As the subtitle of the book suggests, this view of God’s will is liberating. Instead of agonizing over every decision we make, we simply seek to be faithful to God’s word, knowing that God will work things out exactly as he has ordained. No more playing Bible roulette, where you open the Bible to a random passage expecting God to speak. No more listening for subjective “impressions from the Lord” and constantly wondering if God in fact did speak or if it was just our imagination. Instead, DeYoung wants us to “Just do Something”. He’s not advocating recklessness, but he does exhort his readers to stop being passive. To take action. To make decisions. To take risks for God, knowing that even our worst decisions can not derail the sovereign purposes of God.

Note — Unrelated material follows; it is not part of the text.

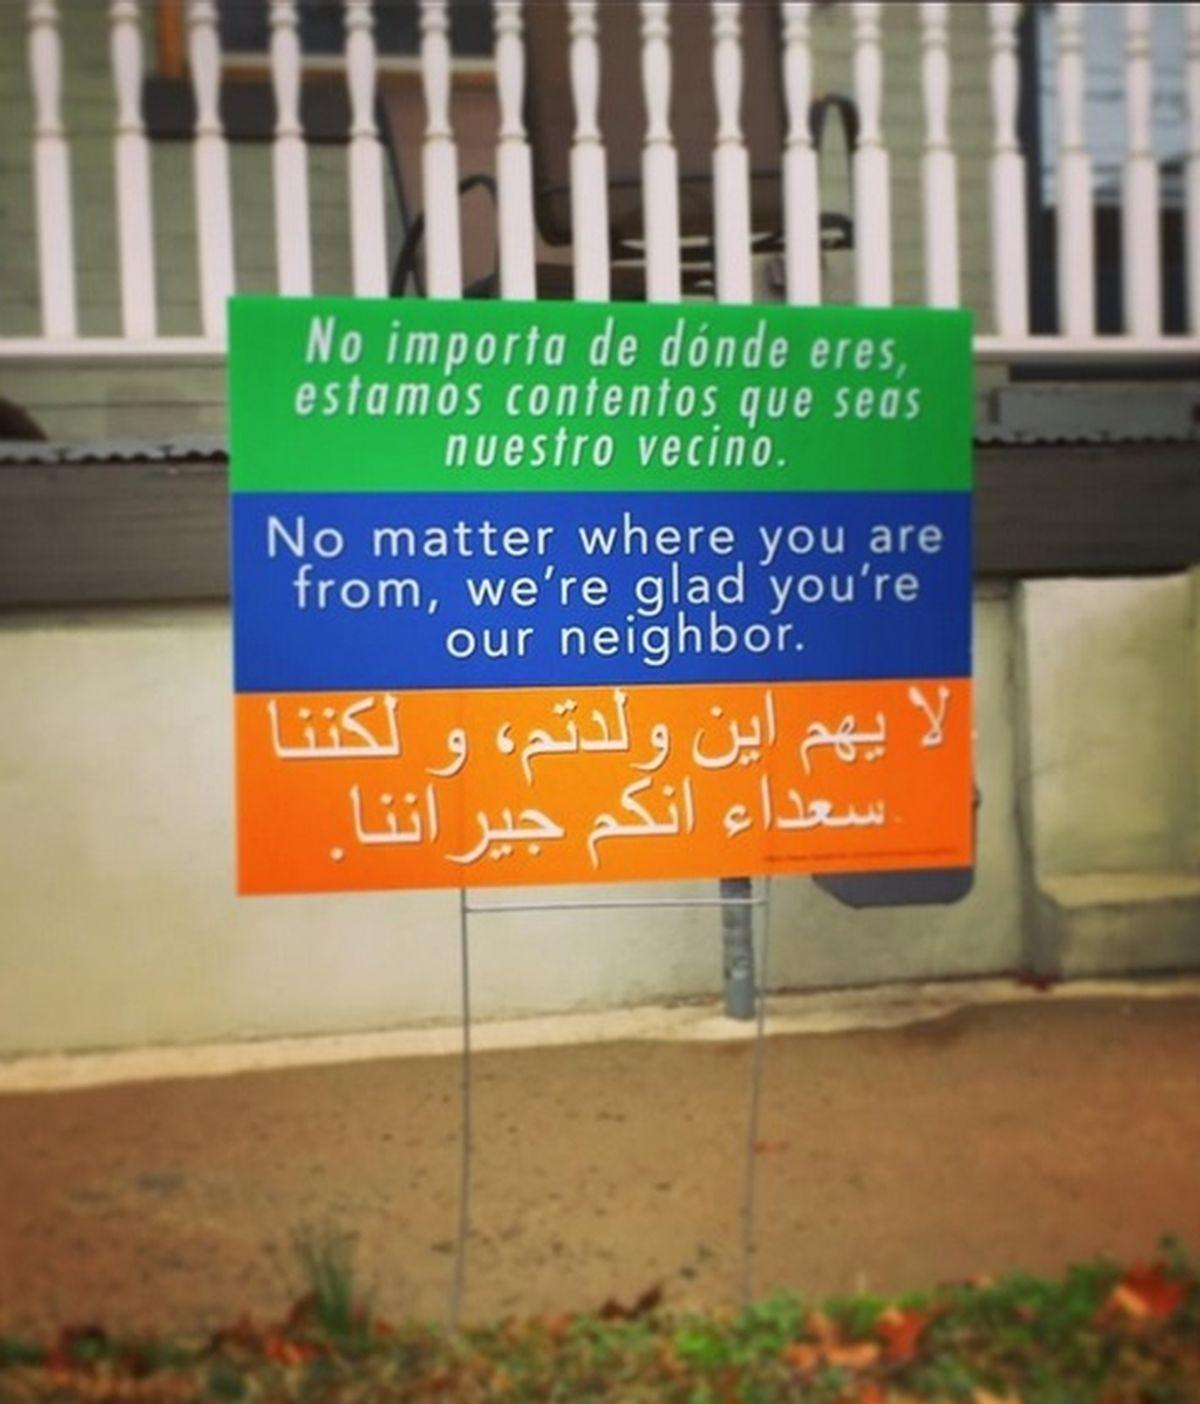 Estos carteles de bienvenida en diferentes idiomas están triunfando en EEUU

I can’t stress enough how good this book is. I listened to the whole audiobook three times in the course of a few days. It ticks all my boxes for a good book. It’s insightful. It’s accessible. It’s Biblical. It’s pastoral and it’s practical. I think what makes Kevin DeYoung such a good author is that he not only has an excellent grasp of the Scriptures, but he also understands people. He knows what makes them tick. He knows what their struggles are and as a result his books are always insightful and practical. This is a book that I believe all Christians will find helpful and I highly recommend it to you.